Sorry to deflate the ego bubble, but having served a decade in the reg infantry and almost the same in a city police service, I would not be boasting about general CF marksmanship skills to anyone. The average city copper in my dept fires their weapon easily five times as frequently as the regs, and double that again for the reserves. Additionally, time spent on the range during initial academy training was phenomenal compared to a typical QL3 course. A typical full time city ERU lives on the range...and has a small arms ammunition budget that puts a reg force rifle company to shame....

I would wager that if a competition was held between the two groups, Barrie EPU would have impressed the crap out of you....


----------



## Old Ranger (30 Sep 2005)

Speaking of which,
Anyone going to be at "Round UP" in Borden next Week?

Ben


----------



## 48Highlander (30 Sep 2005)

kcdist said:
			
		

> Sorry to deflate the ego bubble, but having served a decade in the reg infantry and almost the same in a city police service, I would not be boasting about general CF marksmanship skills to anyone. The average city copper in my dept fires their weapon easily five times as frequently as the regs, and double that again for the reserves. Additionally, time spent on the range during initial academy training was phenomenal compared to a typical QL3 course. A typical full time city ERU lives on the range...and has a small arms ammunition budget that puts a reg force rifle company to shame....
> 
> I would wager that if a competition was held between the two groups, Barrie EPU would have impressed the crap out of you....



Doubtful.  They don't have ranges larger than 100 meters, and they train for a different way of shooting.  Wether they're better shooters or not is debatable, however, that wasn't really the issue.  We just found it amusing when buddy stated that their "marksmen" have to engage targets out to 100 meters 

And I'm pretty sure your average ERU guy doesn't get to fire, say, the M72, m-203, or 84 mm.  They looked like a bunch of excited little school-kids.  "WOW!  Did you see that??!!  Suddenly I don't feel so safe in my cruiser....."


----------



## Bruce Monkhouse (30 Sep 2005)

Gentlemen,
Put your ruler away while you are posting,....you can measure your wee-wee's on your own time......


----------



## 48Highlander (30 Sep 2005)

Oh yeah that reminds me, here's that ruler I borrowed last week Bruce....

I have nothing but respect for the Barrie ERU.  Great bunch of guys and very well trained.  Doesn't mean I can't laugh at them at the same time.


----------



## Bruce Monkhouse (30 Sep 2005)

Can't be, mines a yardstick...

Hmm, didn't read like a whole lot of respect but, OK,......however comparing any of these things is pointless as all have different objectives, mandates, etc. So in the end its just self-measurement.


----------



## Spanky (1 Oct 2005)

Just to try something totally different, I thought I'd respond to the actual topic of the thread.

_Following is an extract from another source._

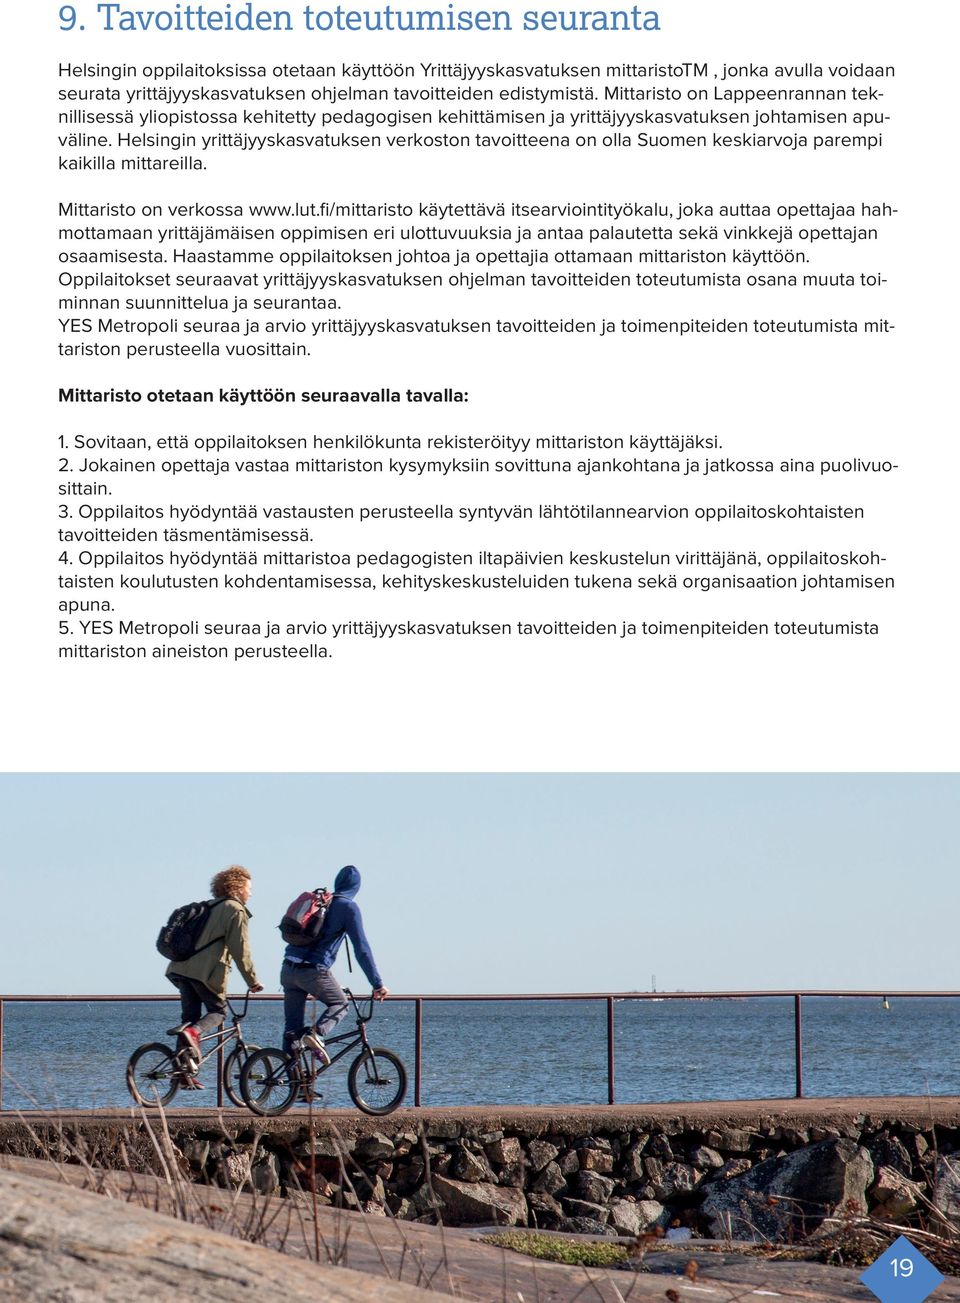 Helsingin yrittäjyyskasvatuksen verkoston tavoitteena on olla Suomen keskiarvoja parempi kaikilla mittareilla. Mittaristo on verkossa www.lut.

It's too bad we can't use the range.  Even though it is only a hundred meters, it would be a valuable resource.  I would be able to take my troop on a two minute walk to the range on a Thursday night and spend some quality time improving musketry skills.  Far better than25/30 rounds a year an hour away.
We have an excellent resource down here, and it's frustrating to see it not being utilized to it's fullest potential.


----------



## Michael Shannon (1 Oct 2005)

Spanky said:
			
		

> Just to try something totally different, I thought I'd respond to the actual topic of the thread.
> 
> It's too bad we can't use the range.   Even though it is only a hundred meters, it would be a valuable resource.   I would be able to take my troop on a two minute walk to the range on a Thursday night and spend some quality time improving musketry skills.   Far better than25/30 rounds a year an hour away.
> We have an excellent resource down here, and it's frustrating to see it not being utilized to it's fullest potential.



   Exactly and if your unit could LPO small arms ammo think of how much better the troops skill and morale would be as well as your "foot print " in the community.


----------



## Teddy Ruxpin (1 Oct 2005)

Michael Shannon said:
			
		

> Exactly and if your unit could LPO small arms ammo think of how much better the troops skill and morale would be as well as your "foot print " in the community.

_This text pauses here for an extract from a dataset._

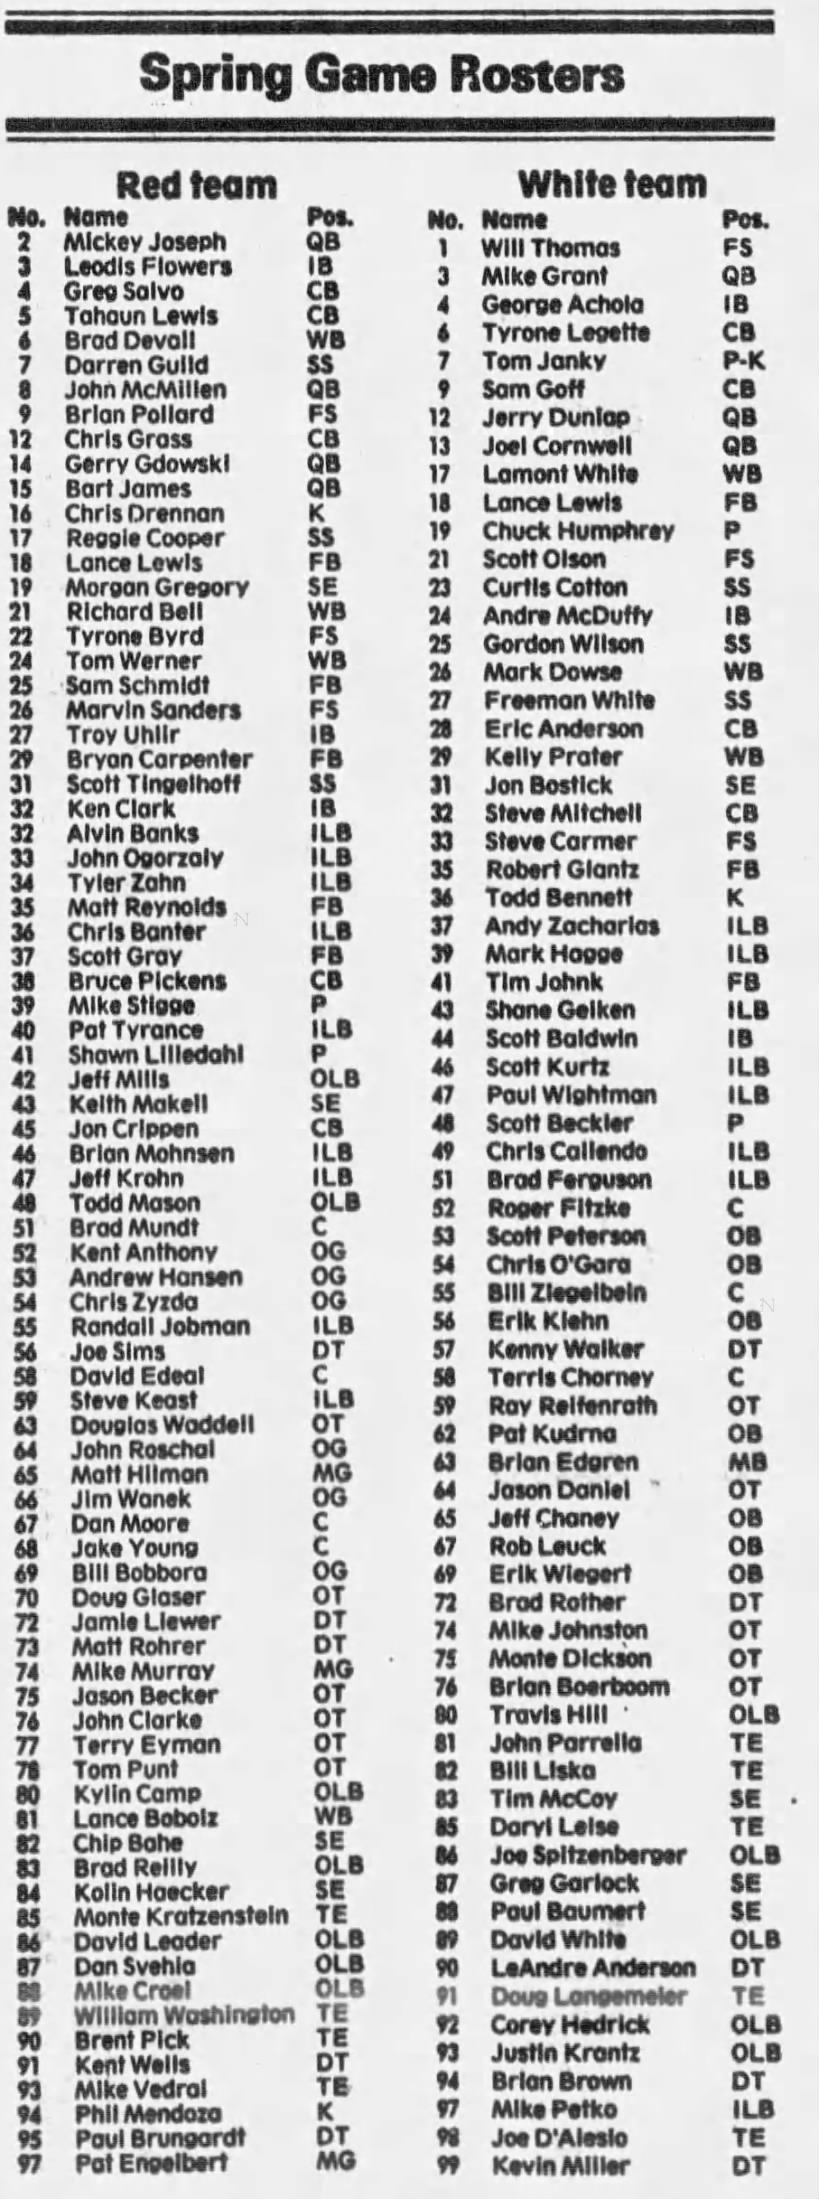 1989 Nebraska spring game rosters

Until some nervous, just out of BMQ Trooper accidently flicks to full auto and sprays the range with a full mag 5.56 before the safety staff can jump on him, potentially (for all the risk-adverse lawyers out there) killing/injuring one of the civvy "supervisors".  We have DND ranges for a reason.


----------



## KevinB (1 Oct 2005)

Teddy - The above is the first comment I have disagreed with you on.

 1) That "could" happen at any range.
 2) That could happen with LE as well.

 3) Final point: Any CF member could go off at any time - we dont since we have been indoctrinated and diciplined - but if you design a  range for the What if's - where are the safe guards that ensure someone does not decide to steal a LAV off a range and go Mad Max...

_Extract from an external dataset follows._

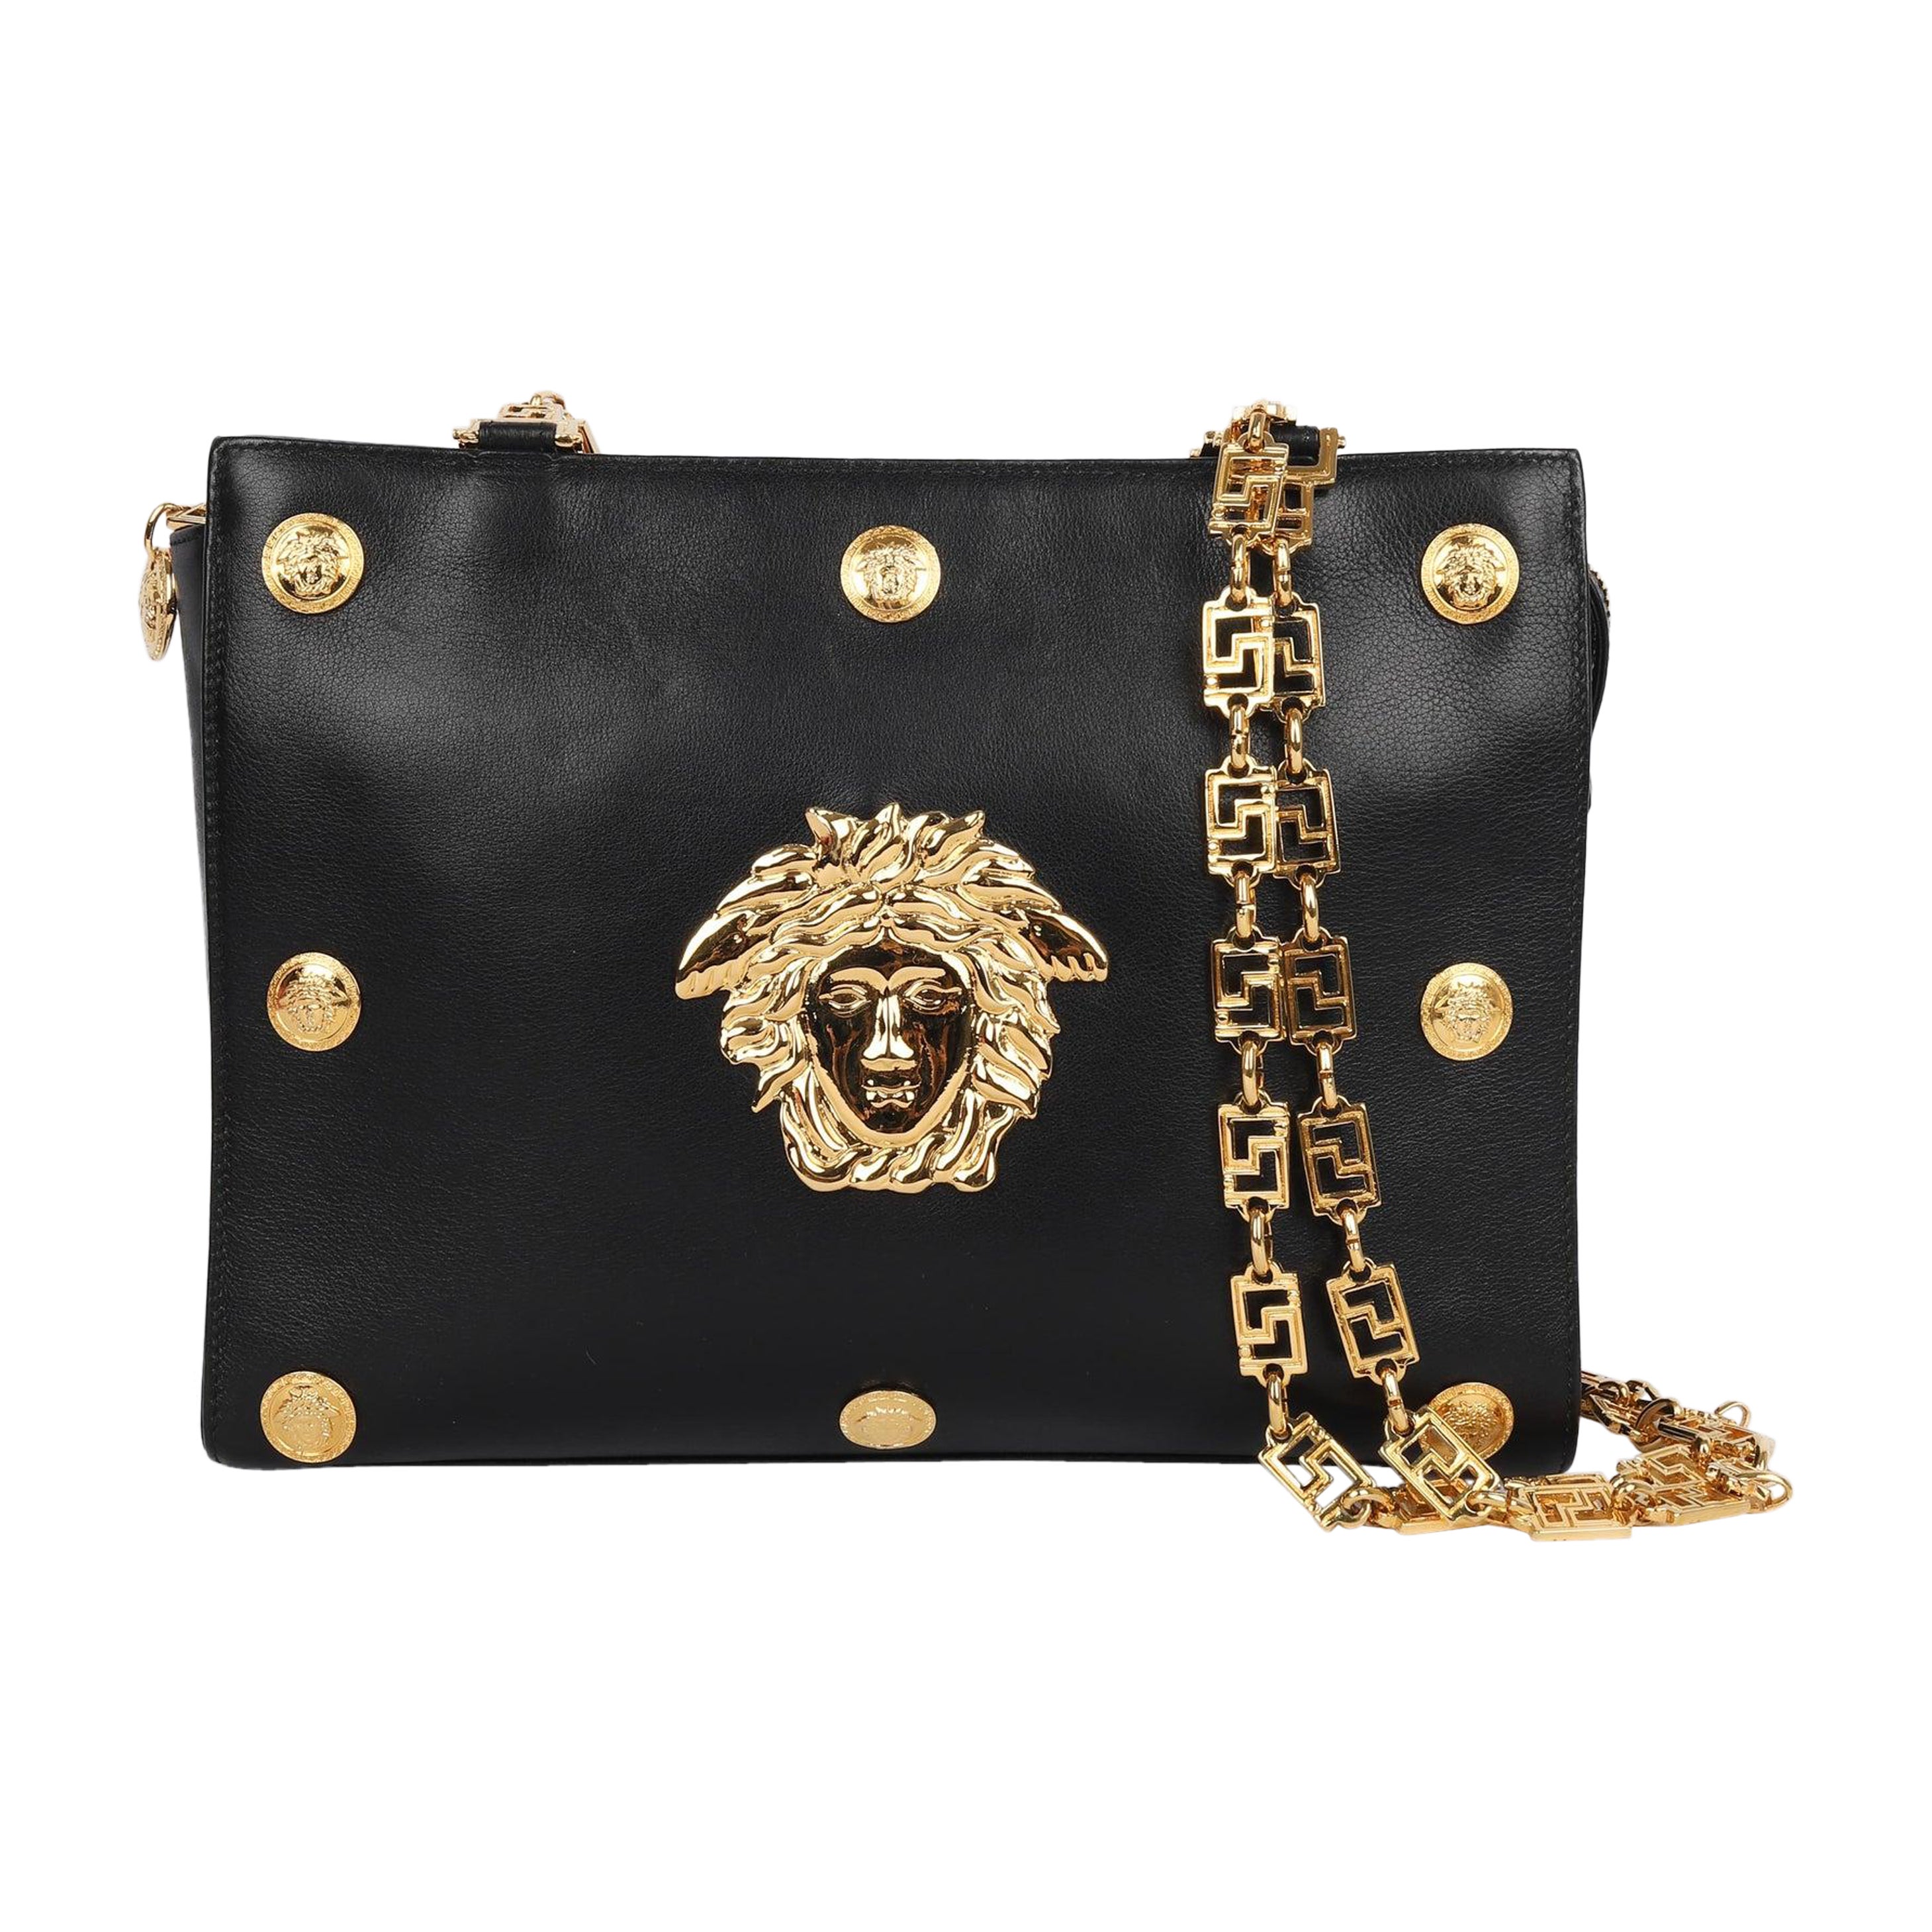 How do I spot a genuine Versace handbag?

Michael Shannon's point in this regard are 100% -- I cannot see a legitimate downside


----------



## George Wallace (1 Oct 2005)

Kev

I think the point is more along the lines of bringing wpns and ammo to a DND Range Practice and the legal ramifications of what will happen if they are involved in an accident.  There are strict rules what we can and cannot do, and the AJAG quite often thinks only in Black and White, with no shades of Gray.  We are limited by our Regulations, which are there to keep us from excessive liabilities.


----------



## Teddy Ruxpin (1 Oct 2005)

George Wallace said:
			
		

> Kev
> 
> I think the point is more along the lines of bringing wpns and ammo to a DND Range Practice and the legal ramifications of what will happen if they are involved in an accident.   There are strict rules what we can and cannot do, and the AJAG quite often thinks only in Black and White, with no shades of Gray.   We are limited by our Regulations, which are there to keep us from excessive liabilities.



Exactly.  My point was poorly expressed.  Note to self:  coffee, then post!


----------



## George Wallace (1 Oct 2005)

I guess I also left out the key word "Civie" wpns and ammo.


----------



## KevinB (1 Oct 2005)

Roger that - I understand that side of it - However a gov't range is a gov't range.   I have shot .mil weapons on .gov property in the past.

 I still believe that all that should be required is the Range to be certified by a competant (CF) individual.   If it is properly templated it should not matter if it is owned by the Tooth Fairy.

Believe me I have seen an AJAG make some BIZARRE rulings - but since we can do it on RCMP ranges, it should not be a long stretch to allow municipal/provicial rnage usages as they are not public and any users are governmentally insured.


As for civilian ammo - weapons -- they are authorised for CF gun clubs.  My recomondation IF the unit wants to shoot their prior to it being authorised as a CF range - have the unit buy a few Diemaco C8LE carbines (semi auto) and then hold them on a shooting club DA and buy Winchester RA556M855 (a US M855/SS109/C77 clone loading)


----------



## Michael OLeary (1 Oct 2005)

KevinB said:
			
		

> I still believe that all that should be required is the Range to be certified by a competant (CF) individual.  If it is properly templated it should not matter if it is owned by the Tooth Fairy.



And therein lies the crux of the matter. Other government ranges have been used because they have been templated in accordance with the Training Safety manual, local regulations developed when necessary, and everything run in accordance with existing range practices.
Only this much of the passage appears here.